22 goes with exponentiation. I don't understand

20+4*1=19

but 19 can easily be done with all four digits.

Now we need: 10-19 and 22.

 

[mfb]

I don't understand 20+4*1=19 either. Copy&paste error, probably. The right side is wrong, too.

20-1⁴ = 19.
21+4⁰ = 22

Spoiler

10 is trivial if we don't use all numbers, and it is easy with square roots, but I don't find a proper solution for now.
12-4⁰=11
10+4-2 = 12 = 4*(2+1+0) = 12*4⁰
14-2⁰=13
14+0*2=14
2⁴-1+0 = 15 = 20-4-1
2⁴+1*0 = 16 = 10+4+2
2⁴+1+0 = 17 = 21-4+0
10+4*2 = 18
20-1⁴=19 from above

10 is missing.

Outside the range but why not:
2⁴+10 = 26

 

[fresh_42]

10 is missing.

Think of the prime factorization.

And now again one of the kind you do not like: What is the next number?
34.
The author of the first Russian mathematical book was born.
The oldest German wine bill dates to this year.
The Knights Templar was dissolved.
The first Scottish university was founded.
The Viri Mathematici, one of the first books about history of science was published.
Kepler's mother was arrested for suspected witchcraft.
The second most famous English mathematician of his time after Newton dies.
The Connecticut Asylum for the Education and Instruction of Deaf and Dumb Persons was founded.
Max Planck wins the Nobel Prize in physics.
This is the year we are looking for.

 

[mfb]

Think of the prime factorization.

Oh... how could I miss something so simple.
(4+1)*2+0=10
Needs brackets, however, unlike every other number.

 

[pbuk]

Think of the prime factorization.

And now again one of the kind you do not like: What is the next number?
34.
The author of the first Russian mathematical book was born.
The oldest German wine bill dates to this year.
The Knights Templar was dissolved.
The first Scottish university was founded.
The Viri Mathematici, one of the first books about history of science was published.
Kepler's mother was arrested for suspected witchcraft.
The second most famous English mathematician of his time after Newton dies.
The Connecticut Asylum for the Education and Instruction of Deaf and Dumb Persons was founded.
Max Planck wins the Nobel Prize in physics.
This is the year we are looking for.

Spoiler

This is the year we are looking for

 

[fresh_42]

Spoiler

This is the year we are looking for

?

 

[pbuk]

?

Alternatively (but equivalently):

Spoiler

This year is the year we are looking for.

 

[fresh_42]

Alternatively (but equivalently):

Spoiler

This year is the year we are looking for.

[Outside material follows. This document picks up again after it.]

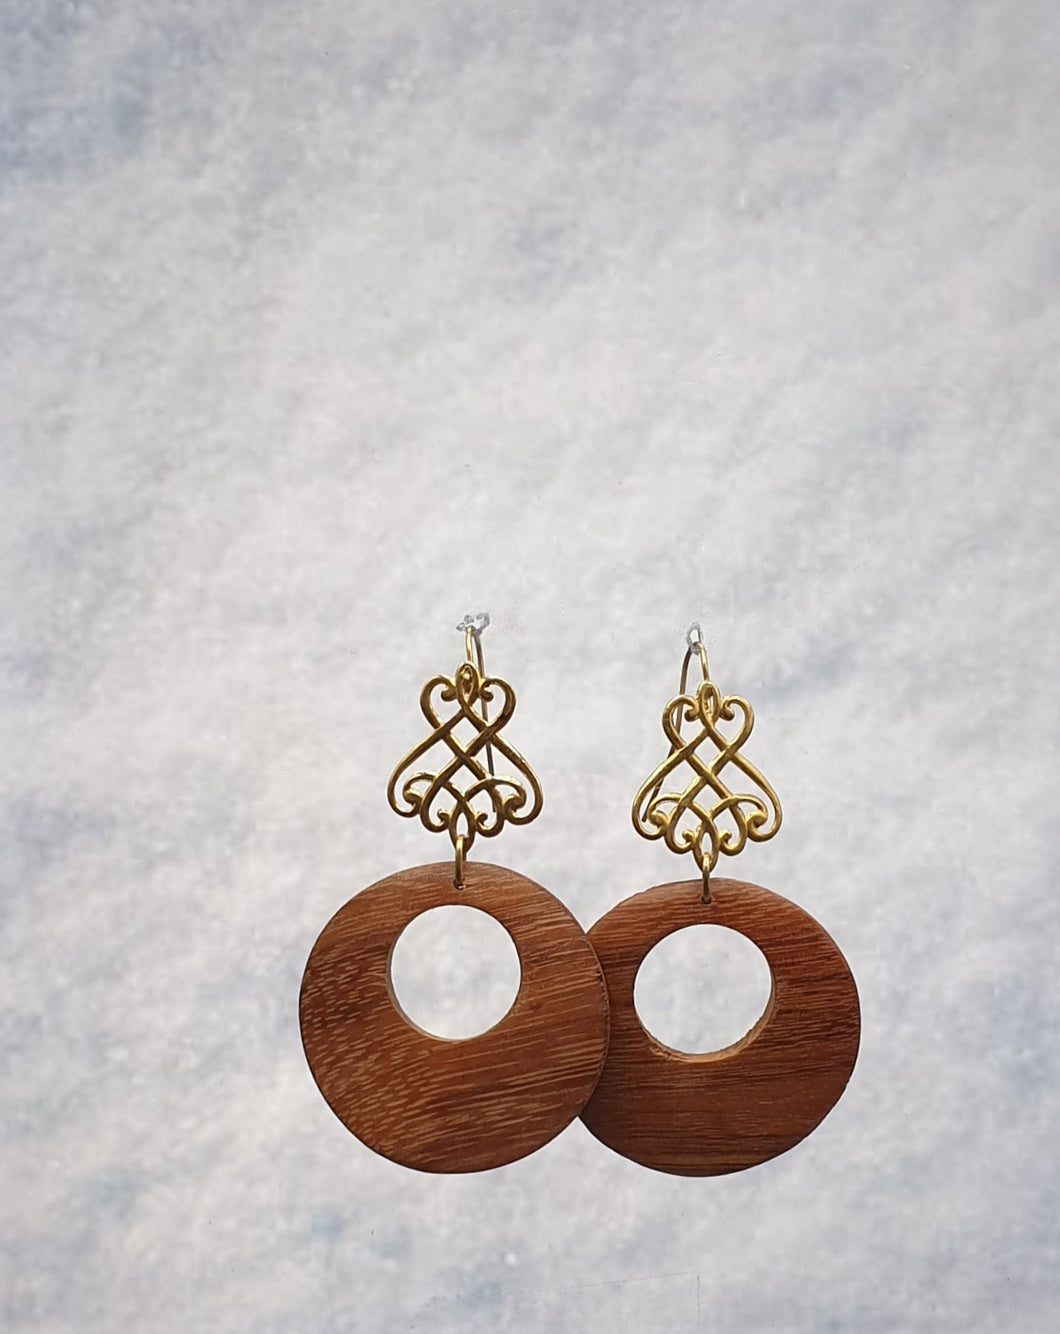 NEW golden metal dangle earrings with brown wooden element

Have you figured out some of the other ones?

 

[pbuk]

Have you figured out some of the other ones?

Spoiler

Well I assume the first two are 1110 and 1211 because from the Knights Templar on they are 1312, 1413 ... Max Plank 1918, 2019

The Knights Templar is a large rather soulless pub in the Wetherspoons chain notable mainly for its urinal.

 

[fresh_42]

35. In a math exam the smallest natural number had to be determined with the following property: The first digit of this number is 6. If this digit would be placed at the end instead, then a new natural number was created whose value is one quarter of the original number.

Which natural number is it?

 

[DavidSnider]

35. In a math exam the smallest natural number had to be determined with the following property: The first digit of this number is 6. If this digit would be placed at the end instead, then a new natural number was created whose value is one quarter of the original number.

Which natural number is it?

This is really easy to brute force, is there another way to do it?

Spoiler: spoiler

615384 = 153846 * 4

 

[fresh_42]

This is really easy to brute force, is there another way to do it?

Spoiler: spoiler

615384 = 153846 * 4

Not sure what you mean by brute force, you probably haven't started at 61 and ran up to 615,384.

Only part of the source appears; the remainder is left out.